High level design

Introduction

This high level design describes new history feature for MariaDB, mainly inspired by Oracle's Flashback, MS SQL Server Change Data Capture (see also Introduction to Change Data Capture (CDC) in SQL Server 2008) and Point in Time database Architecture (PTA).

There are few different approaches to implement the system versioning feature with their pros and cons depending on the main use case of the feature.

Oracle Flashback seems mostly designated for point-in-time recovery of short terms. So history tables are generated on-the-fly from undo log and so have limited time to live as well as indexing abilities. Maintaining relatively long history using the approach can lead to significant performance issues (see also feature request Bug #75540, Major regression having many row versions). It's also not viable against non-in-line DDL changes.

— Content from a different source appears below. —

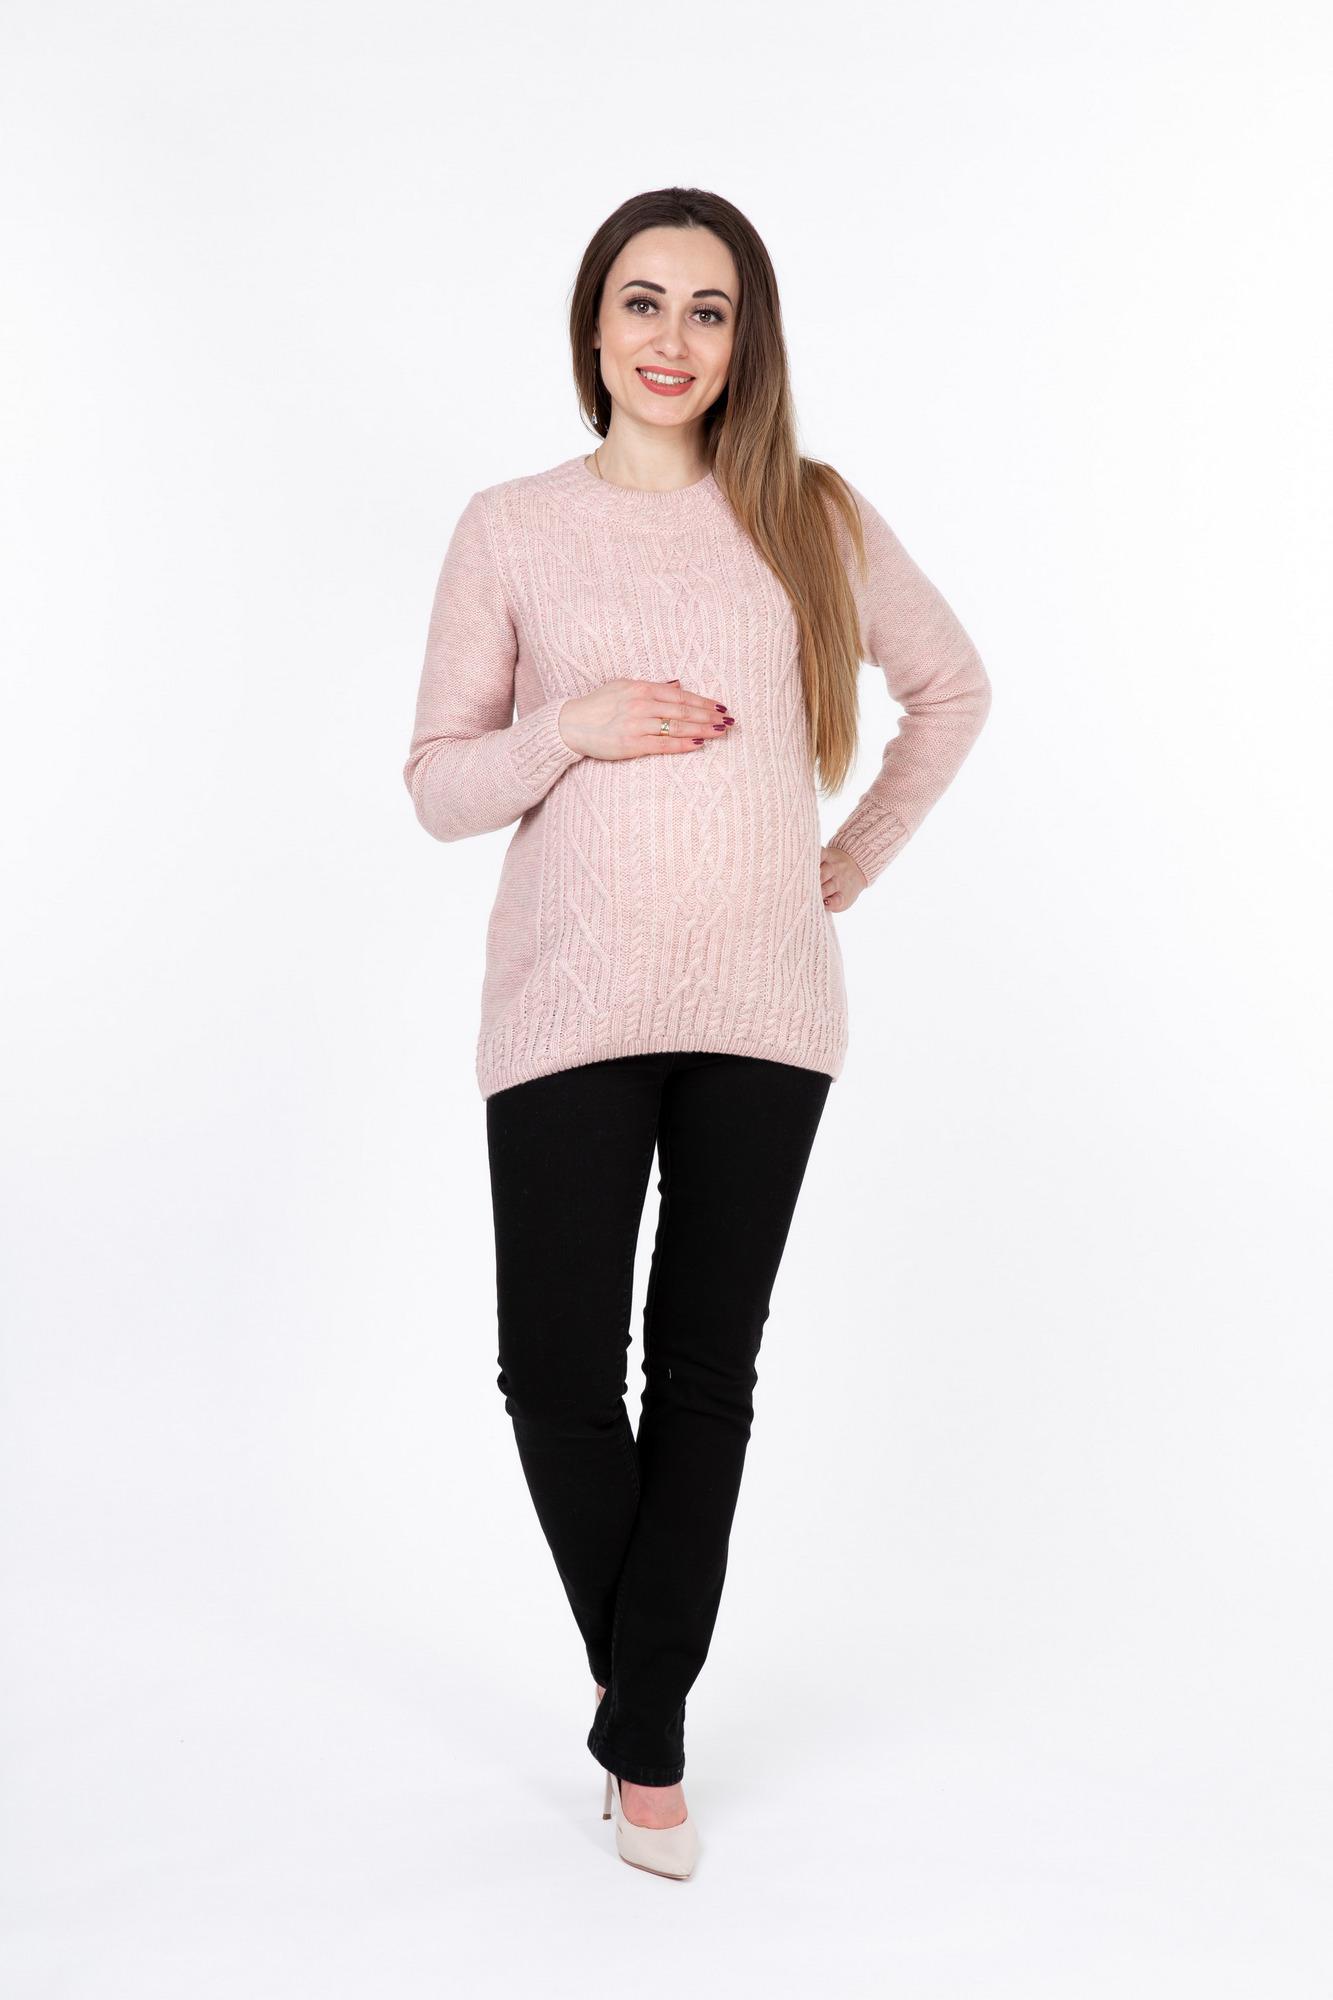 Свитер 09906 розовый   Магазин для беременных и кормящих мам ... fc9468c98d2

While the paper Transaction Time Indexing with Version Compression is published by Microsoft Research, it seems MS SQL Server CDC uses a different, somewhat similar to PTA, approach: it monitors undo log changes and writes history records to separate tables. It seems the most straightforward and easy to implement approach. Since new tables are created for historical data, the approach can survive DDL. The cons of the approach is that a row update involves two tables update (however, the history update is done in background) with consequent performance impact.

Transaction Time Indexing with Version Compression proposes to use TSB-tree (Time-Split B-tree), a variation of Write Once B-Tree (WOBT) which has to keep old items since it can't rewrite them on tree balancing and node splitting. However, the tree lookup skips 'old versions' of the items and use the latest ones. TSB-tree splits index or leaf nodes by key value and current time or by current time only. The first split allocates new nodes where actual only items are copied to, while the original node keeps old versions of the items after split. The second split is used when there have been many updates and the number of current versions is so small, thus only current version of items are copied to new nodes. The approach requires less space in comparison with the previous one. However, the resulting index becomes heavier and eviction of too old records, executing on the same table, can affect performance of current data DML.

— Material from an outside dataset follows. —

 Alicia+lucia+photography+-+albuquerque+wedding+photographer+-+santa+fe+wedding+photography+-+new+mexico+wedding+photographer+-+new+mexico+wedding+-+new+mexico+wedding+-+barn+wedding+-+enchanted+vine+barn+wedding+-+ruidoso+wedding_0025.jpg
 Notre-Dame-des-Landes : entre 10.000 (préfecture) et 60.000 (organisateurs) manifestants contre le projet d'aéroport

TSB-tree is a tradeoff between two other extreme index approaches. The first one is R-tree. It's more space greedy, but it provides better performance for time slices.

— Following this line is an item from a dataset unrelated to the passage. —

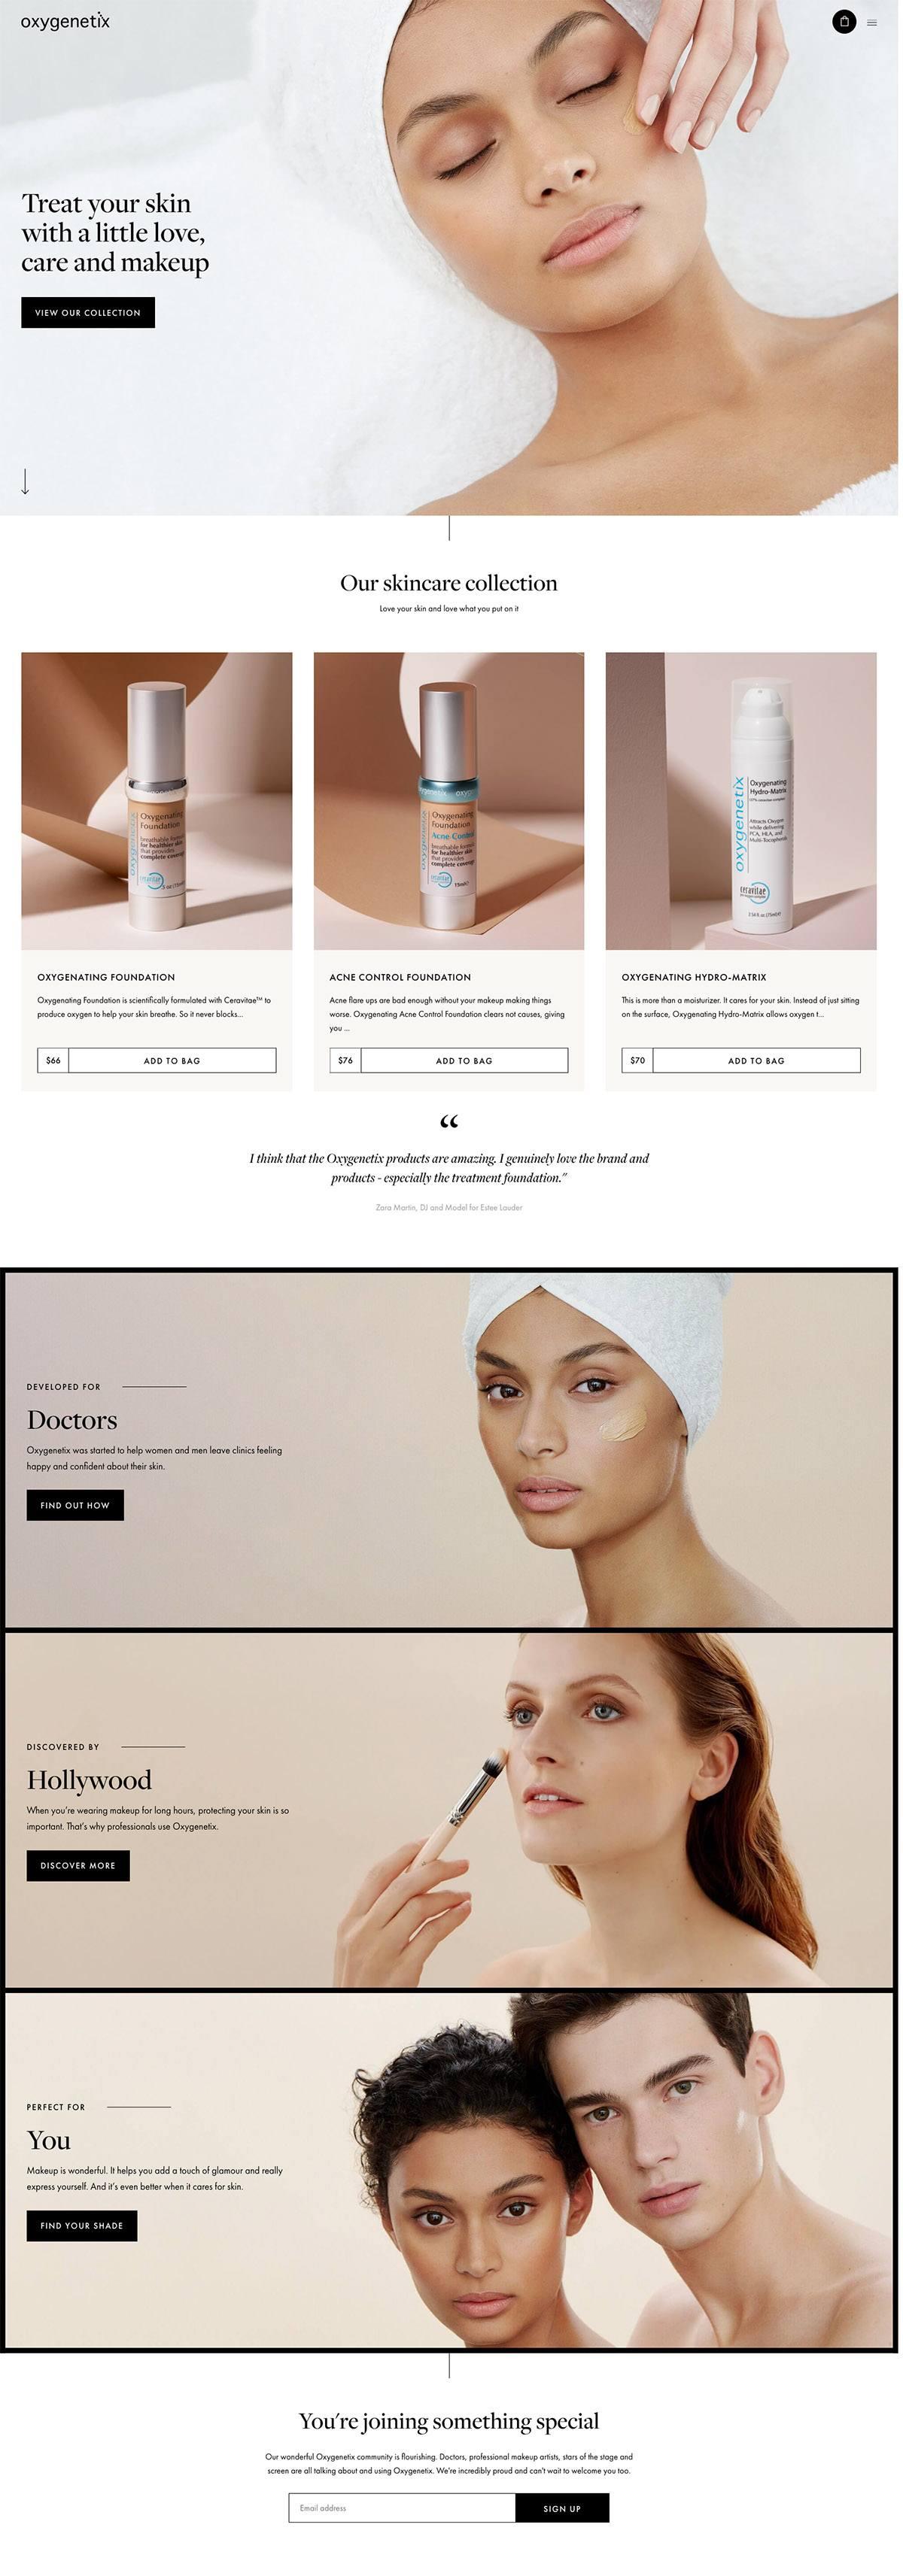 eCommerce website: Oxygenetix

The second one is extended B-tree using undo log files for historical data. InnoDB makes all changes in-place in the table space, moving old records to undo log such that other concurrent transactions can find required version of a row. Actual row in table space has designated field ROLL_PTR pointing to old versions of the row in undo log. Different versions of a row in undo log are also linked into list, so a transaction looking for a particular row scans the list of all versions of the row instead of scanning whole undo log containing versions of other records. System versioning feature can just reuse undo log mechanism to keep historical data.

Design considerations

System versioning for MariaDB is designed to satisfy following requirements:

1. SQL standard compliance;

2. It must be able to quickly fetch one year and older history;

3. It must be possible to query history over DDL operations (e.g. ALTER TABLE). This feature is known as DDL Survival and is unique for MariaDB implementation.

4. The implementation must be as database engine independent as possible. It must support at least InnoDB and MyISAM. Besides these storage engines it must be easily extended to support other engines. So most of the logic is implemented on SQL layer.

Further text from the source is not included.